Урок 6. Задача look-alike

Домашнее задание

1. взять любой набор данных для бинарной классификации (можно скачать один с https://archive.ics.uci.edu/ml/datasets.php)

2. сделать feature engineering

3. обучить любой классификатор (какой вам нравится)

4. далее разделить ваш набор данных на два множества: P (positives) и U (unlabeled). Причем брать нужно не все положительные (класс 1) примеры, а только лишь часть

5. применить random negative sampling для построения классификатора в новых условиях

6. сравнить качество с решением из пункта 4 (построить отчет - таблицу метрик)

7. поэкспериментировать с долей P на шаге 6 (как будет меняться качество модели при уменьшении/увеличении размера P)

In [1]:
import pandas as pd
import numpy as np
from sklearn.pipeline import Pipeline, make_pipeline
from sklearn.base import BaseEstimator, TransformerMixin
from sklearn.linear_model import LogisticRegression
from sklearn.model_selection import train_test_split
import itertools

import matplotlib.pyplot as plt

%matplotlib inline

In [2]:
df = pd.read_csv("churn_data.csv")
df.head(10)

Unnamed: 0,RowNumber,CustomerId,Surname,CreditScore,Geography,Gender,Age,Tenure,Balance,NumOfProducts,HasCrCard,IsActiveMember,EstimatedSalary,Exited
0,1,15634602,Hargrave,619,France,Female,42,2,0.0,1,1,1,101348.88,1
1,2,15647311,Hill,608,Spain,Female,41,1,83807.86,1,0,1,112542.58,0
2,3,15619304,Onio,502,France,Female,42,8,159660.8,3,1,0,113931.57,1
3,4,15701354,Boni,699,France,Female,39,1,0.0,2,0,0,93826.63,0
4,5,15737888,Mitchell,850,Spain,Female,43,2,125510.82,1,1,1,79084.1,0
5,6,15574012,Chu,645,Spain,Male,44,8,113755.78,2,1,0,149756.71,1
6,7,15592531,Bartlett,822,France,Male,50,7,0.0,2,1,1,10062.8,0
7,8,15656148,Obinna,376,Germany,Female,29,4,115046.74,4,1,0,119346.88,1
8,9,15792365,He,501,France,Male,44,4,142051.07,2,0,1,74940.5,0
9,10,15592389,H?,684,France,Male,27,2,134603.88,1,1,1,71725.73,0


In [3]:
df['Exited'].value_counts()

0    7963
1    2037
Name: Exited, dtype: int64

Давайте построим модель. Сразу же будем работать с использованием sklearn pipeline

In [4]:
#разделим данные на train/test
X_train, X_test, y_train, y_test = train_test_split(df.drop(columns=['Exited']), df['Exited'], random_state=0)

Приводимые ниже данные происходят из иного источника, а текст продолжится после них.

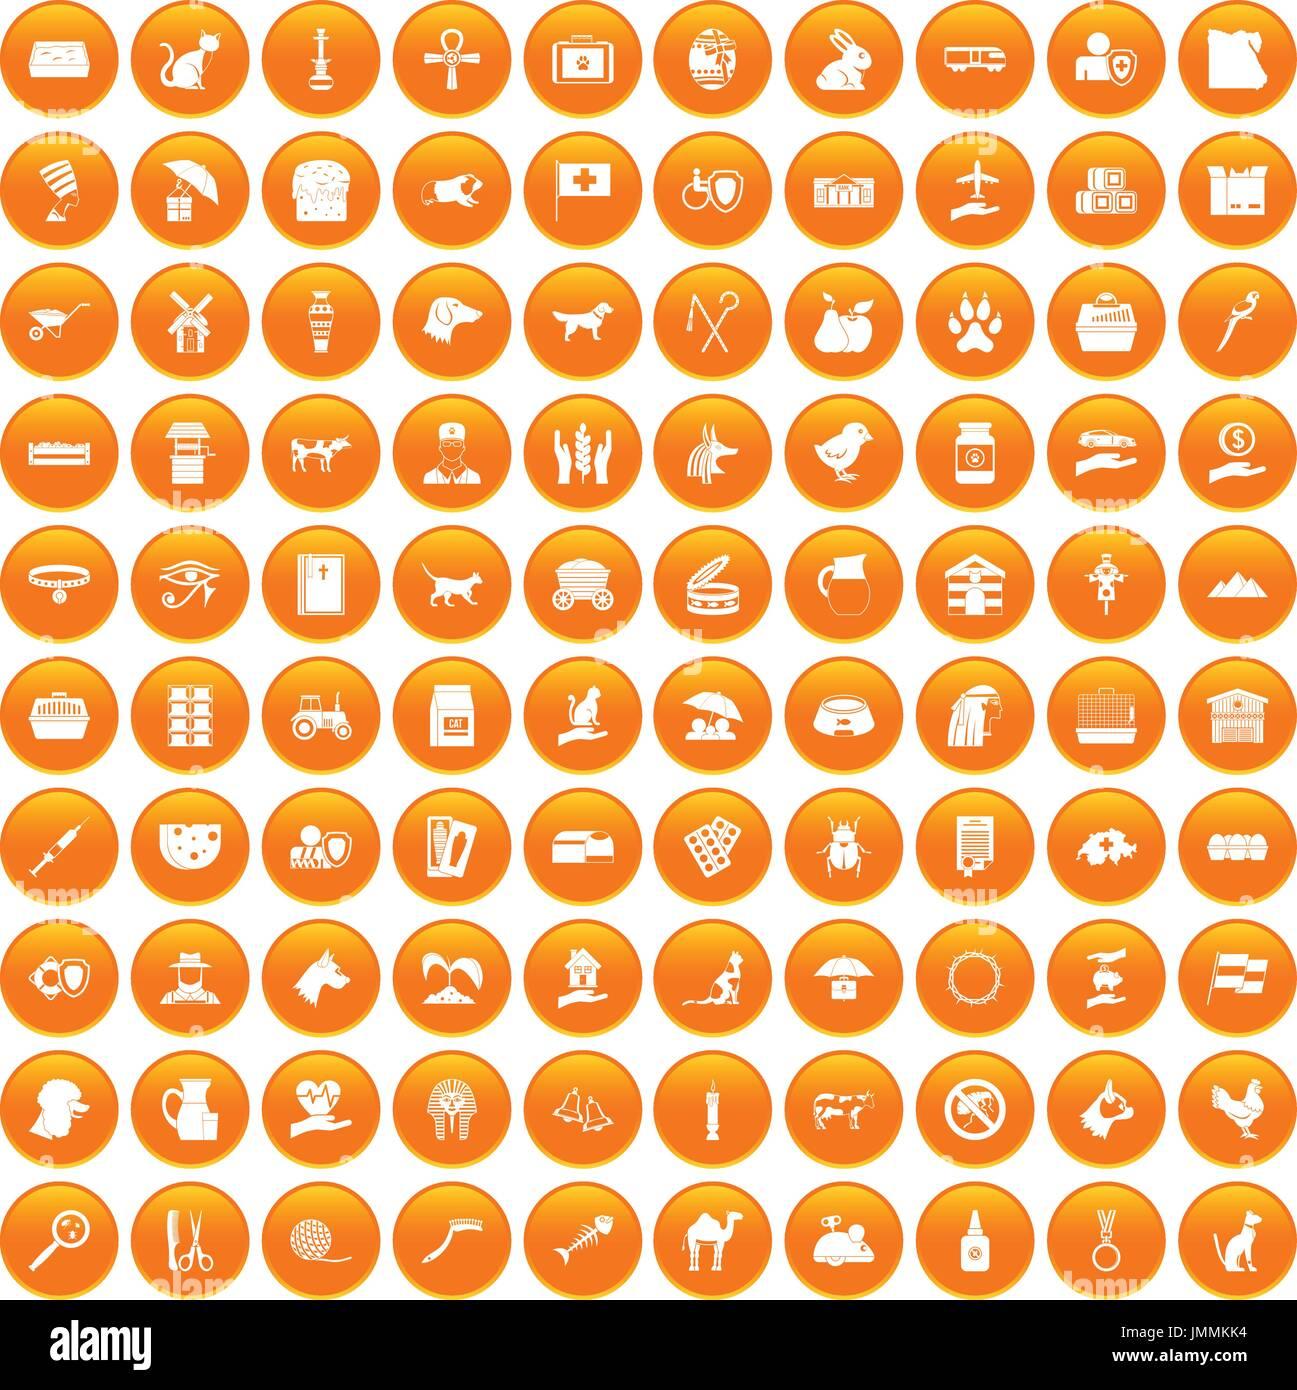 100 pets icons set orange - Stock Image

- Категориальные признаки закодируем с помощью OneHotEncoding
- Вещественные оставим пока как есть

In [5]:
#соберем наш простой pipeline, но нам понадобится написать класс для выбора нужного поля
class FeatureSelector(BaseEstimator, TransformerMixin):
    def __init__(self, column):
        self.column = column

    def fit(self, X, y=None):
        return self

    def transform(self, X, y=None):
        return X[self.column]
    

class NumberSelector(BaseEstimator, TransformerMixin):
    
    def __init__(self, key):
        self.key = key

    def fit(self, X, y=None):
        return self

    def transform(self, X):
        return X[[self.key]]
    
    
class OHEEncoder(BaseEstimator, TransformerMixin):
    def __init__(self, key):
        self.key = key
        self.columns = []

    def fit(self, X, y=None):
        self.columns = [col for col in pd.get_dummies(X, prefix=self.key).columns]
        return self

    def transform(self, X):
        X = pd.get_dummies(X, prefix=self.key)
        test_columns = [col for col in X.columns]
        
        for col_ in self.columns:
            if col_ not in test_columns:
                X[col_] = 0
        return X[self.columns]

In [6]:
df.head(3)

Unnamed: 0,RowNumber,CustomerId,Surname,CreditScore,Geography,Gender,Age,Tenure,Balance,NumOfProducts,HasCrCard,IsActiveMember,EstimatedSalary,Exited
0,1,15634602,Hargrave,619,France,Female,42,2,0.0,1,1,1,101348.88,1
1,2,15647311,Hill,608,Spain,Female,41,1,83807.86,1,0,1,112542.58,0
2,3,15619304,Onio,502,France,Female,42,8,159660.8,3,1,0,113931.57,1


Зададим списки признаков

In [7]:
categorical_columns = ['Geography', 'Gender', 'Tenure', 'HasCrCard', 'IsActiveMember']
continuous_columns = ['CreditScore', 'Age', 'Balance', 'NumOfProducts', 'EstimatedSalary']

In [8]:
from sklearn.pipeline import Pipeline
from sklearn.pipeline import FeatureUnion

Теперь нам нужно под каждый признак создать трансформер и объединить их в список.

In [9]:
final_transformers = list()

for cat_col in categorical_columns:
    cat_transformer = Pipeline([
                ('selector', FeatureSelector(column=cat_col)),
                ('ohe', OHEEncoder(key=cat_col))
            ])
    
    final_transformers.append((cat_col, cat_transformer))
    
for cont_col in continuous_columns:
    cont_transformer = Pipeline([
                ('selector', NumberSelector(key=cont_col))
            ])
    
    final_transformers.append((cont_col, cont_transformer))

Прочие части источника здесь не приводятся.